We find the speed Carl needs to travel at is the distance (which is $d$ ) divided by the time (which is $\frac{2d}{45} - \frac{d}{23}$ ).

$\frac{d}{\frac{2d}{45} - \frac{d}{23}} = \frac{1}{\frac{2}{45}-\frac{1}{23}} = \boxed{1035}$

Comments: This may seem unexpected. We intuitively believe that the answer should be an average, or 67 mph. However, averages need to be weighted the same in order to do this. Carl spends much more time traveling at 23 mph to get from A to B than Bob does at 45 mph. This is why we need to be especially careful when dealing with rate problems and construct tables/do unit analysis.

Another way to see this problem is imagine Carl was going at 30 mph and Bob was going at 60. By the time Bob gets back to A, Carl will have just reached B! The only way Carl can catch up is if he instantly teleports back to A. If he traveled any slower, Bob would have returned before Carl even reaches B!

Let us assume that the distance from point A to point B is 23*45=1035 miles

After 23 hours, Bob will be at point B and after 45 hours, Carl will be at point B and Bob will be at (45-23) 45=22 45 miles away from point B or 45 miles away from point A.

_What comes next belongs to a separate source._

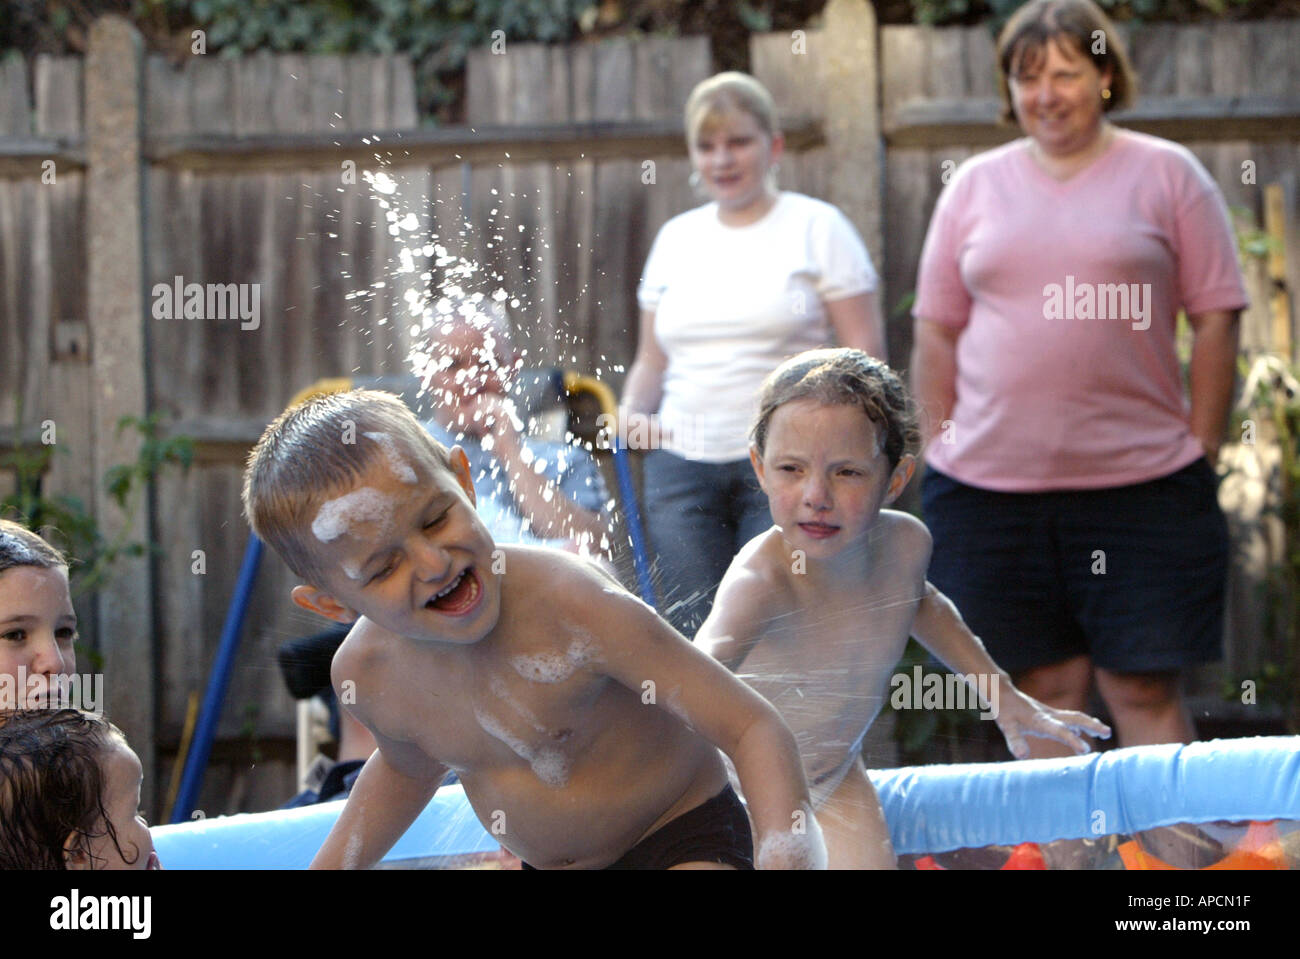 High spirited family play in garden paddling pool Stock Photo

Since it would take Bob an hour to get to point A, Carl must travel the whole distance to go back to point A within an hour, which is 1035 miles and therefore he should go 1035 mph.

Suppose distance from point A to B = 45 miles
So Bob completed entire trip = 2 hrs
Carls completed trip from A to B = 45/23 hrs,
so to catch up Bob, required speed = 45 * 23 = 1035 mph

Because both persons go to the two points, the common sense occurs in this one. The LCD is 1035, so this is the answer.